### Task to carry out
Starting at the line that contains "Vintage Moroccan Zayane", repeat each line of the listing below through the last one, exactly, and leave out every picture.

### Data below
* * * * * * * * *

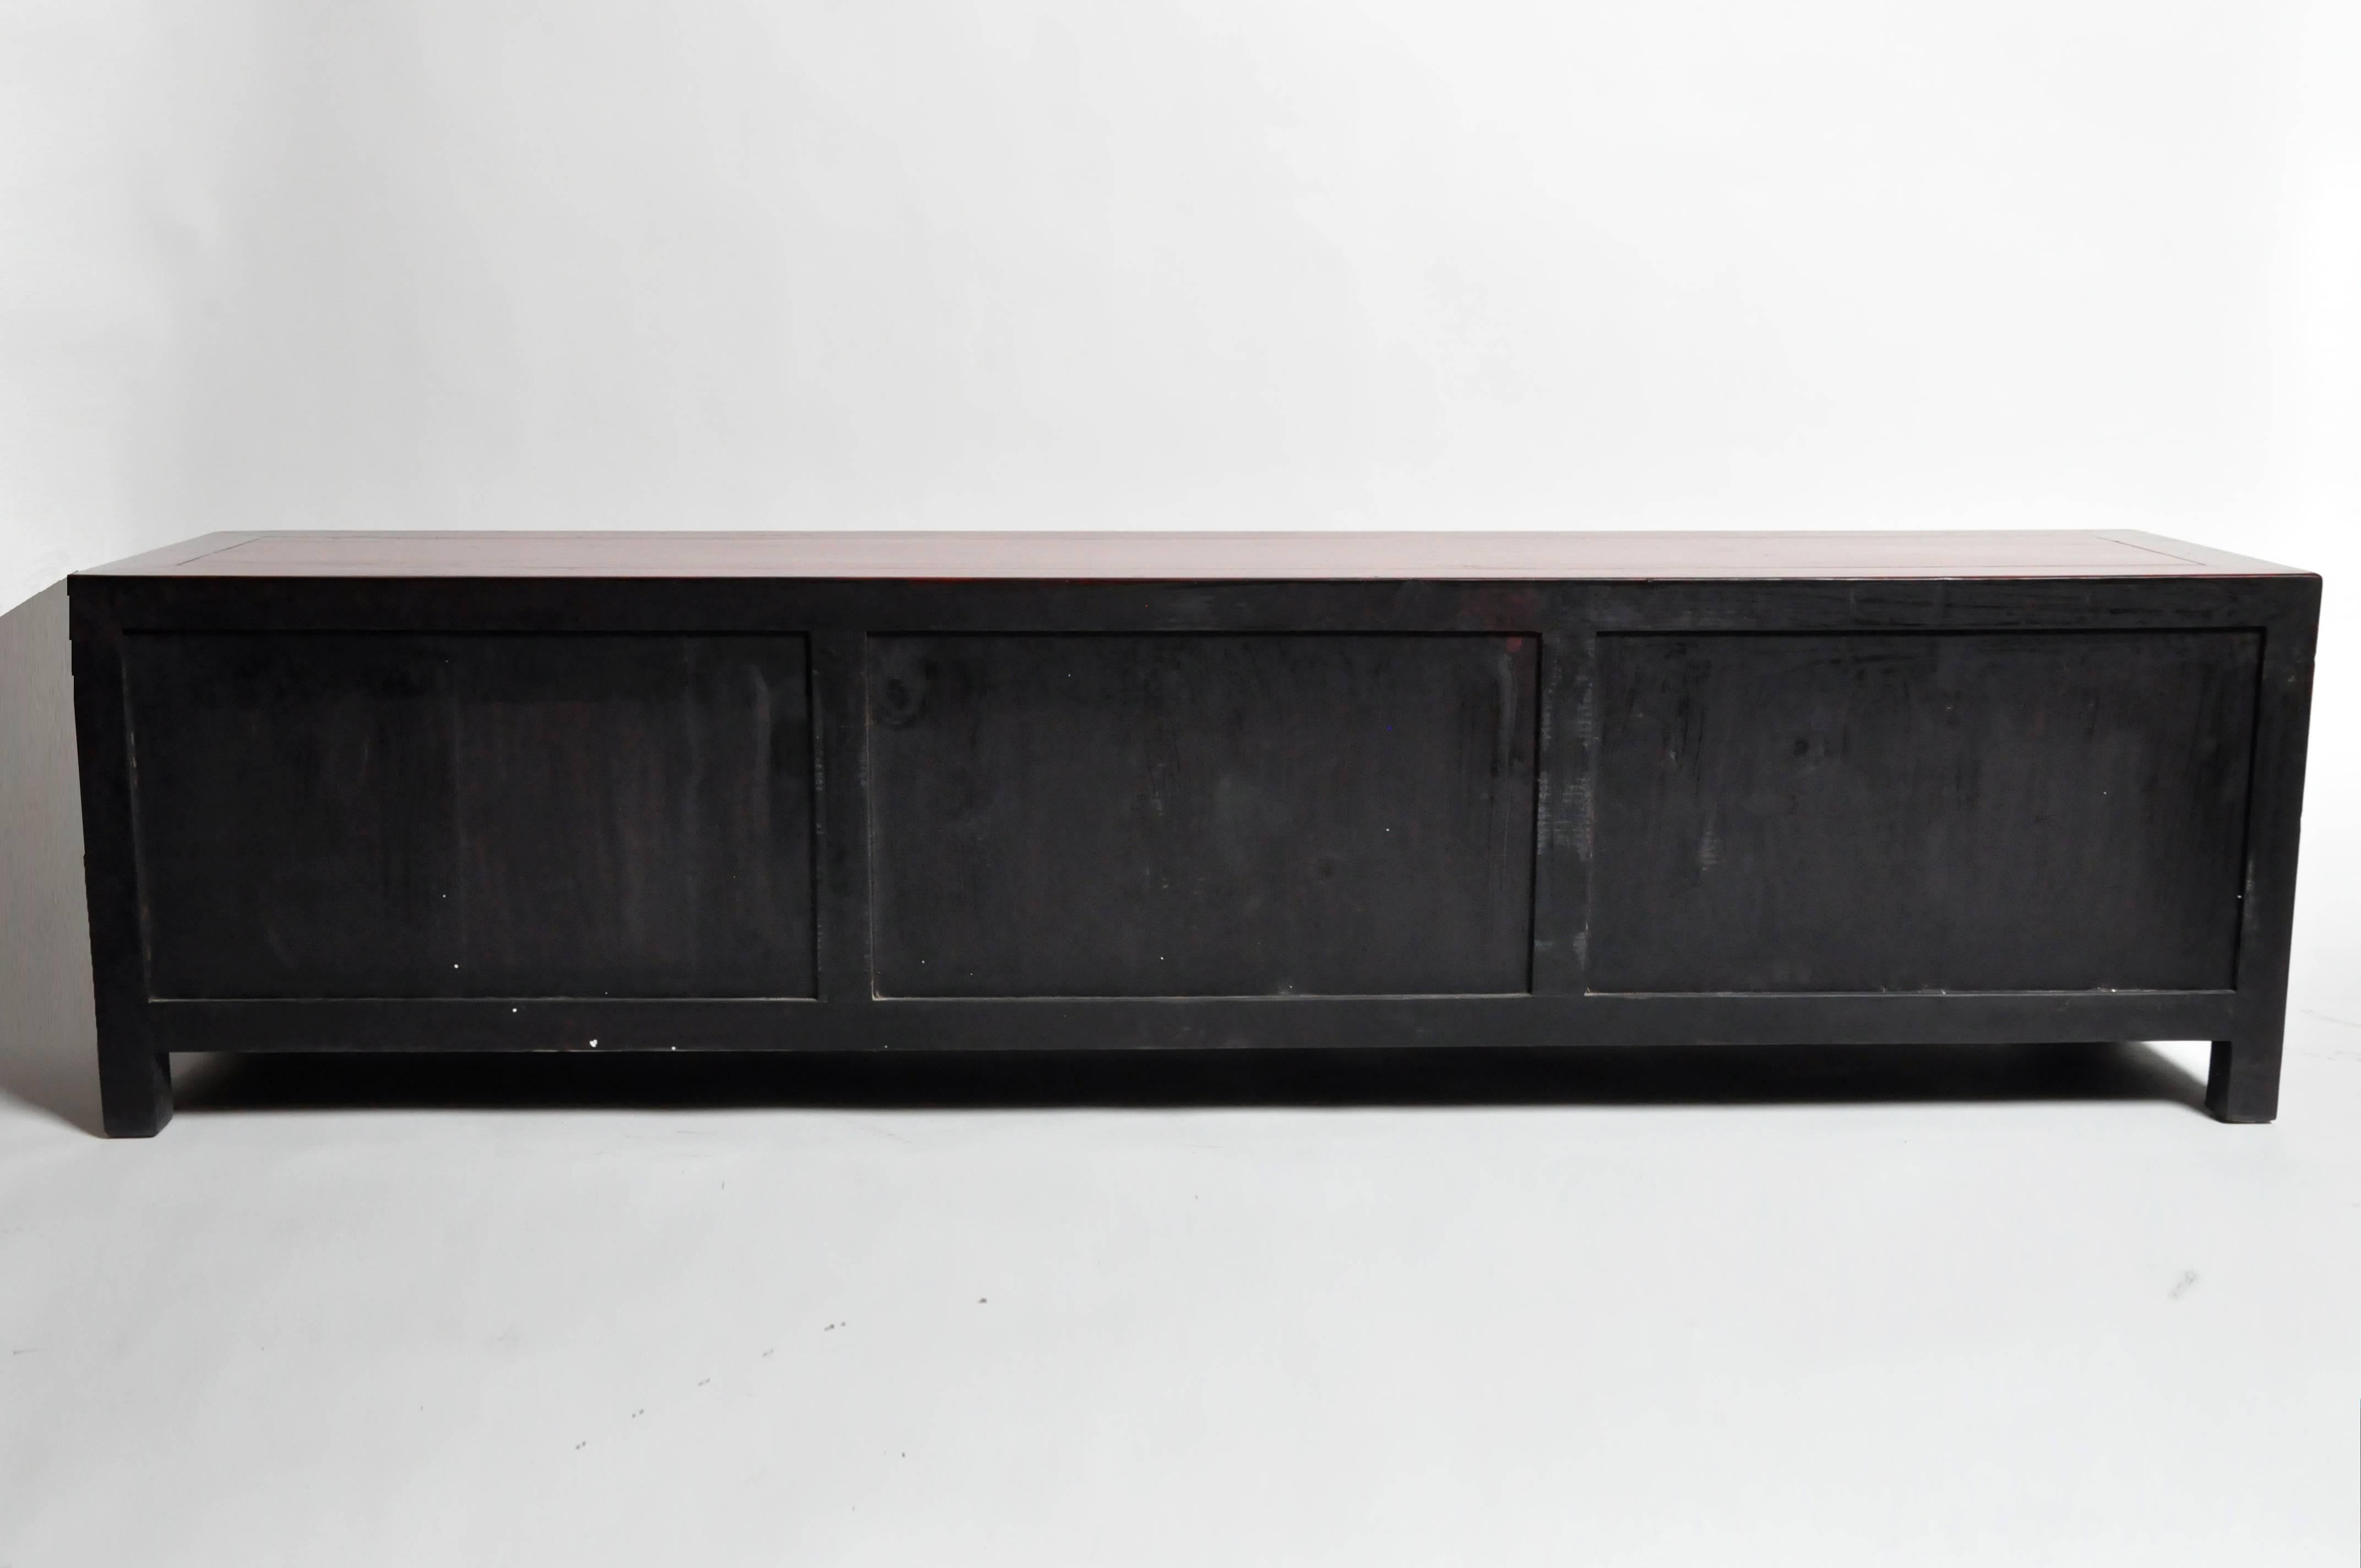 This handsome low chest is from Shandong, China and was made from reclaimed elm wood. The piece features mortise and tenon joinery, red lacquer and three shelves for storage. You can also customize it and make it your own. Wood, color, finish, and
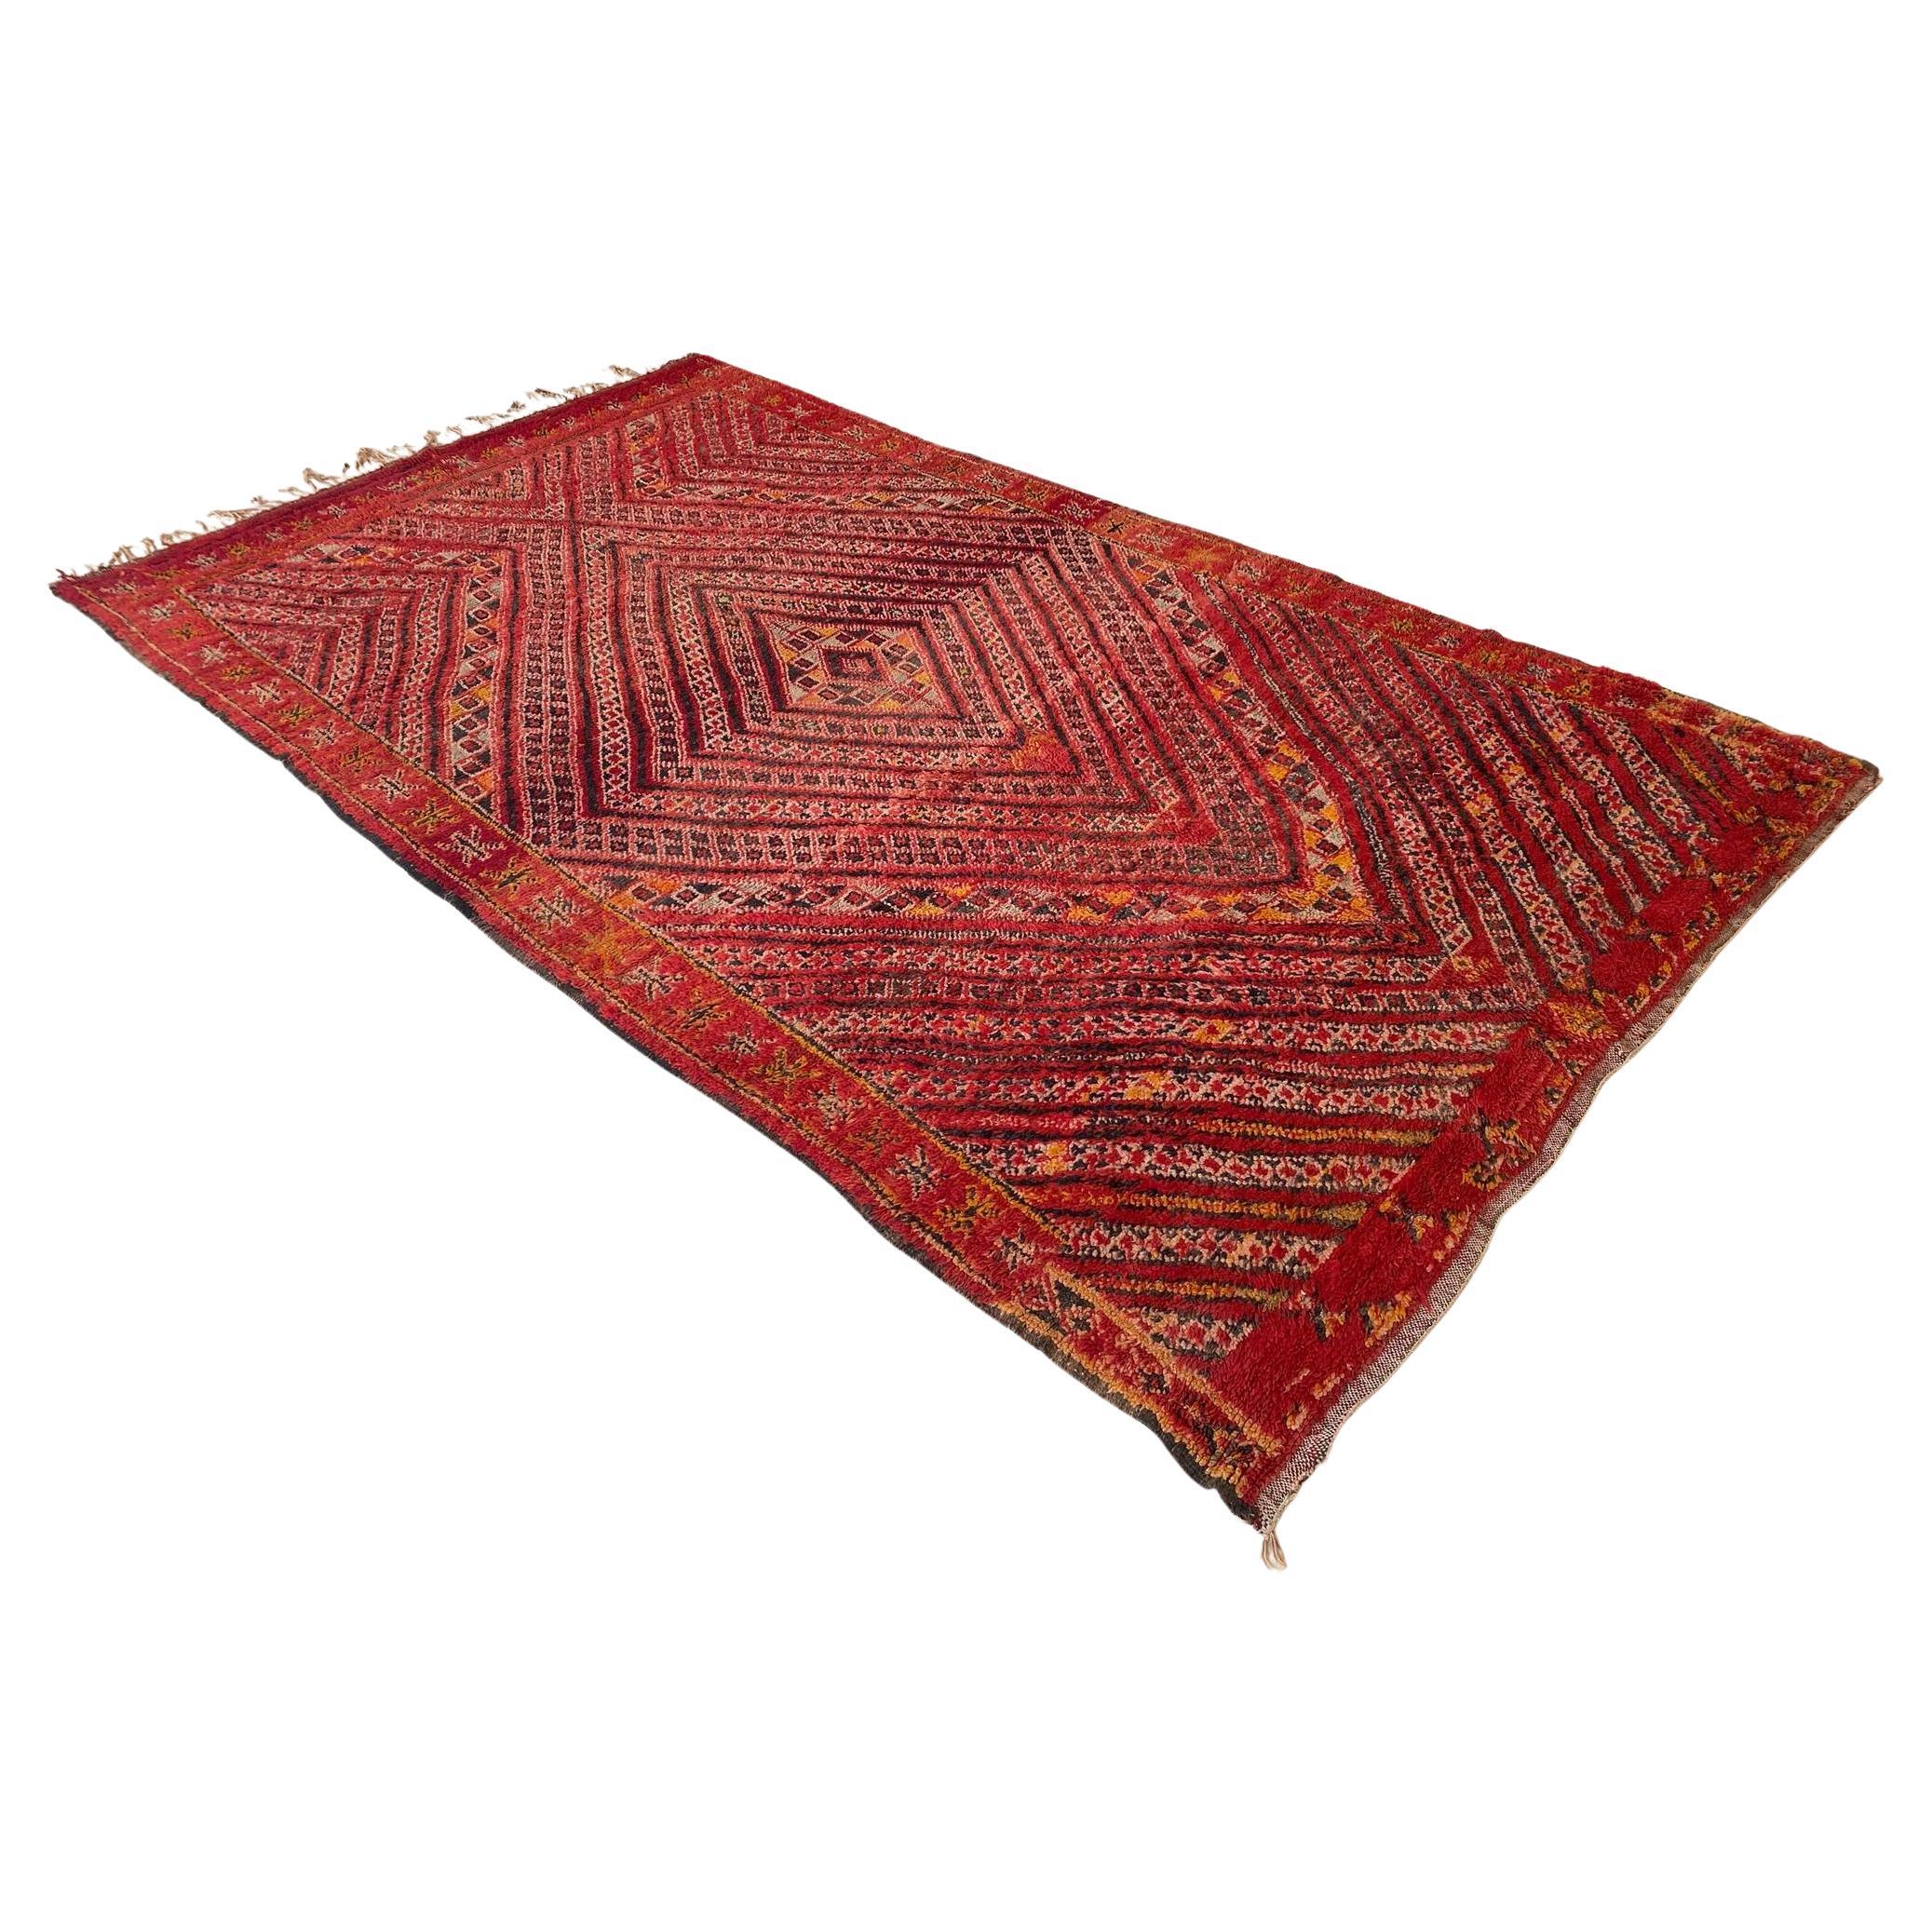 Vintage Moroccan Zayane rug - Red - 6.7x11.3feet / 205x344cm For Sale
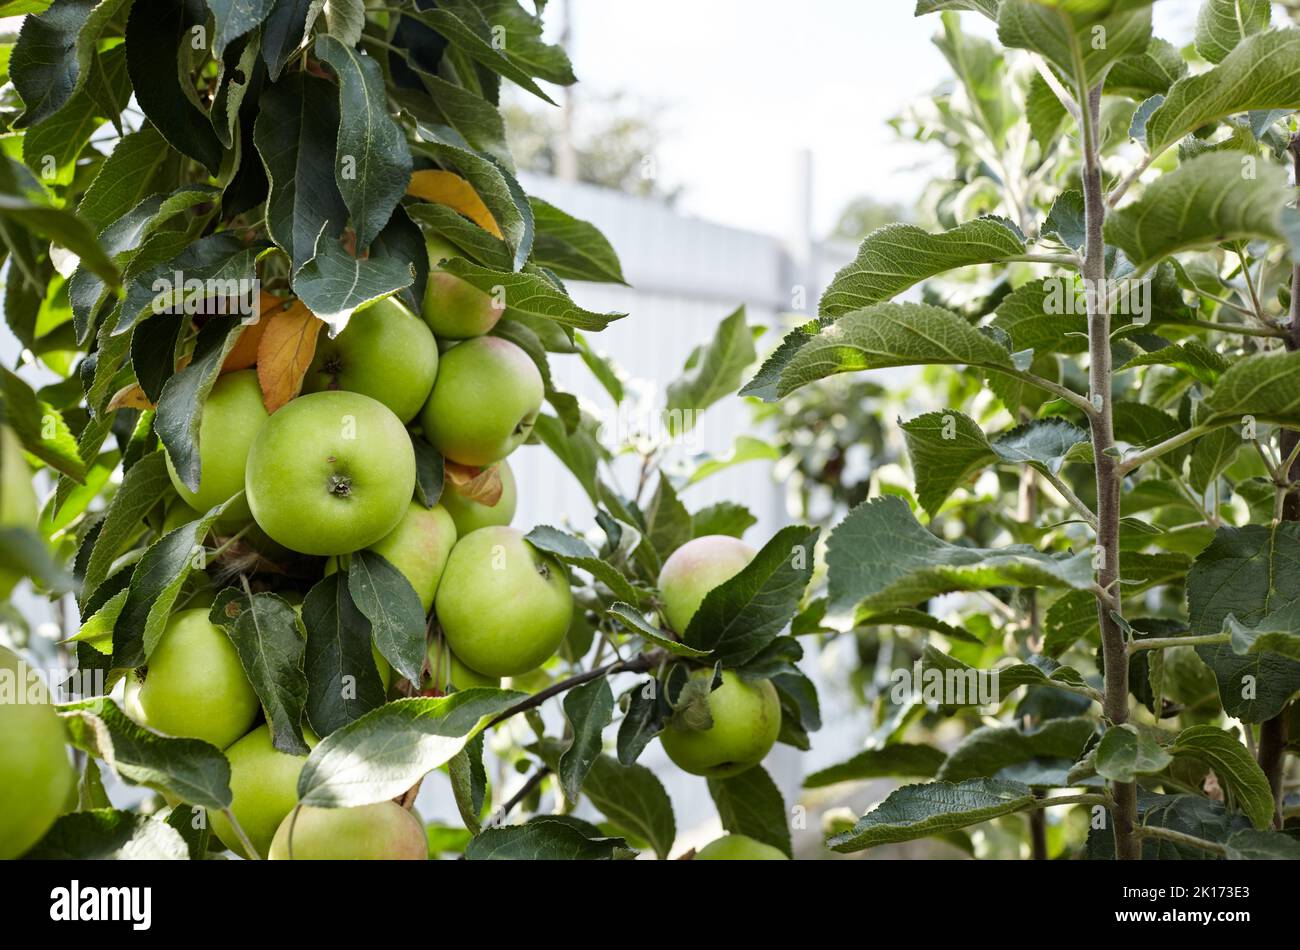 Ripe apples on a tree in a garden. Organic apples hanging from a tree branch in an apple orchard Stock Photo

* * * * * * * * *

### Answer section
 Vintage Moroccan Zayane rug - Red - 6.7x11.3feet / 205x344cm For Sale
 Ripe apples on a tree in a garden. Organic apples hanging from a tree branch in an apple orchard Stock Photo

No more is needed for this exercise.